Lola wasn't the first place people could eat on this street. East 4th is an urban nightlife and entertainment district situated just steps away from Cleveland's Gateway sports complex, home of the Cleveland Cavaliers and the Cleveland Indians.

It had been preceded by Pickwick & Frolic, a classy comedy club/martini bar/ restaurant installation, and the House of Blues, a busy concert venue with restaurant attached. Good as they were, these two places were barely enough to drive other development. But when Symon signed on, it suddenly got a lot easier to attract other restaurants (at least five are either open already or about to) and to lease the renovated living space in other East 4th buildings. Symon may have been a one-man tipping point/ critical mass development force in Cleveland. But he was just a wannabe chef from the Midwest when he opened 165-seat Parea in New York. It's an upscale restaurant in Manhattan's Flatiron District where chef/partner Symon gives authentic Greek food a contemporary spin.

How'd it go for him? New York Times reviewer Frank Bruni said Parea was "a fittingly arresting showcase for a sophisticated chef's effort to recast Greek cuisine by approaching it with a typically high standards, unearthing neglected traditions and finding novel assignments for commonly used ingredients." Notoriously stingy with his stars, Bruni awarded two to Parea.

Meanwhile, the meter was still running on the new Lola back in downtown Cleveland. Strict interpretation of historic building restoration standards caused some parts of the buildout to crawl. But the place finally opened last September, almost a full year behind schedule. Local critics immediately acknowledged that Lola was worth the wait. As for how the dining public received it, Symon laughs today about how timid his original financial projections turned out to be.

The new Lola is a cosmopolitan, sexy space that seats 110 the dining room, 15 at the bar and 30 in a private dining area downstairs. The menu is a citified version of the old Lola menu, "citified" meaning the addition of several steak-like items for the suit-and-tie business crowd that frequents the now-easier-to-get-to Lola.

Symon's knack for attracting and keeping talented people helped get these three restaurants off the ground. His first and best personnel decision involved marrying well. Symon's wife and business partner, Liz Symon, handles the wine program and creates the atmosphere. Her skill at developing wine lists has enabled Lola to regularly rack up Wine Spectator Awards of Excellence since 1998. As for atmosphere, the pictures that accompany this story illustrate how her formidable design skills translate into realworld restaurant settings.

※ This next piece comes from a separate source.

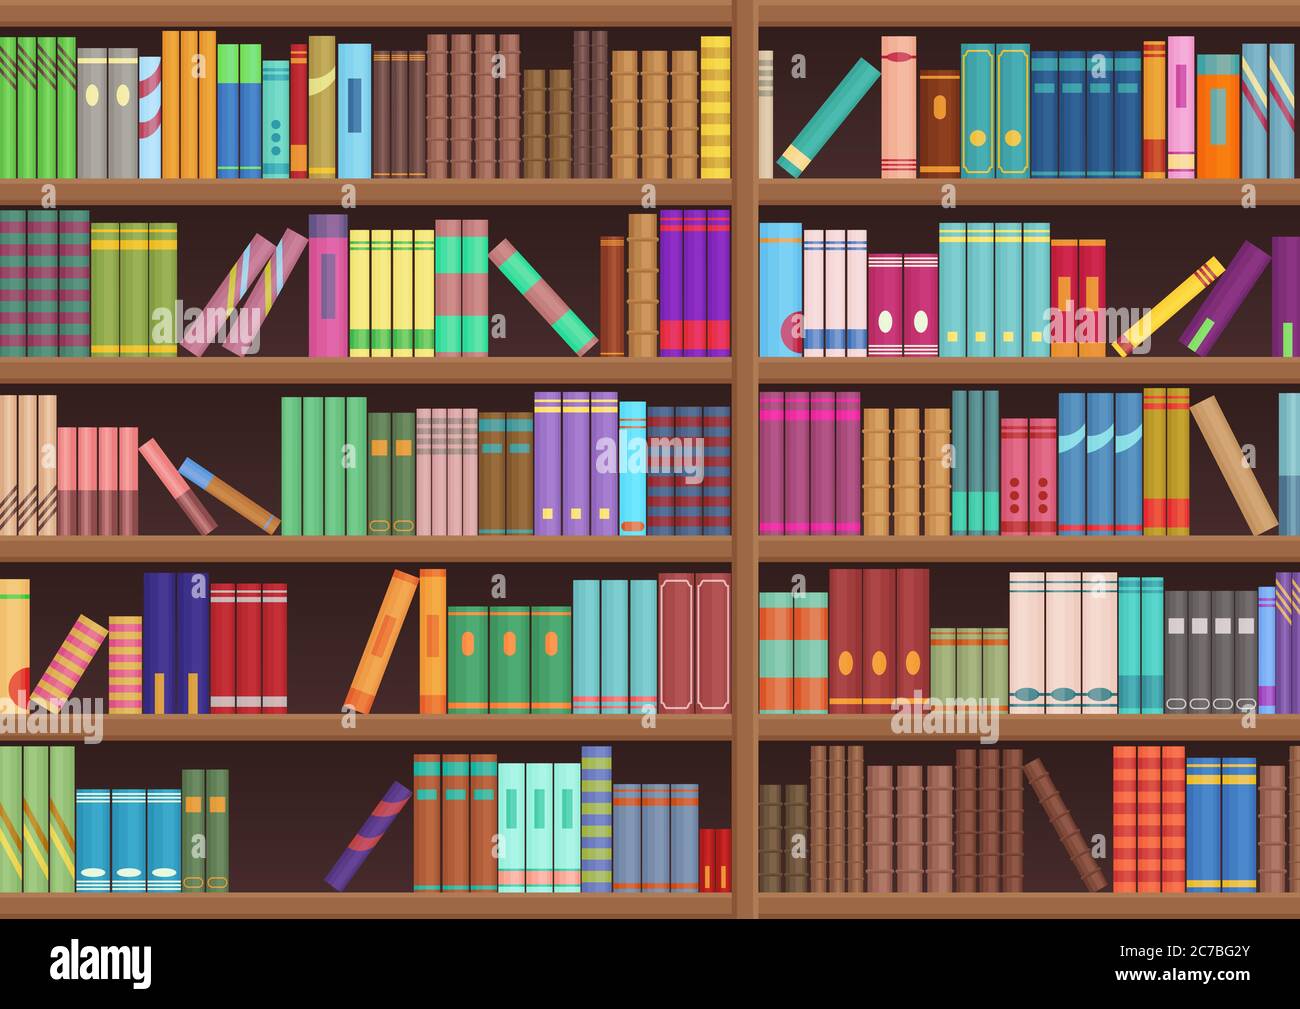 Tìm hiểu về văn học qua những cuốn sách trong thư viện kệ sách vector đầy màu sắc và đa dạng chủ đề. Cùng khám phá các tác phẩm văn học kinh điển và những tác giả nổi tiếng thế giới trong không gian thư giãn ấm áp của thư viện.

The Symons' expansion push enabled them to bring in partner Doug Petkovic along the way. He now ably handles key operational aspects of the restaurant. It also meant promotions for Frank Rogers, now executive chef of Lola, Frank Harlan, executive chef of Lolita, and Jonathon Sawyer, who steers the ship as executive chef at Parea in between Symon's visits to New York.

A key addition to the new Lola team has been pastry chef Cory Barrett, who last worked at the highly respected Tribute in Detroit. He's talented, ambitious and full of surprises—kind of like his bosses. No wonder he fit right in at Lola.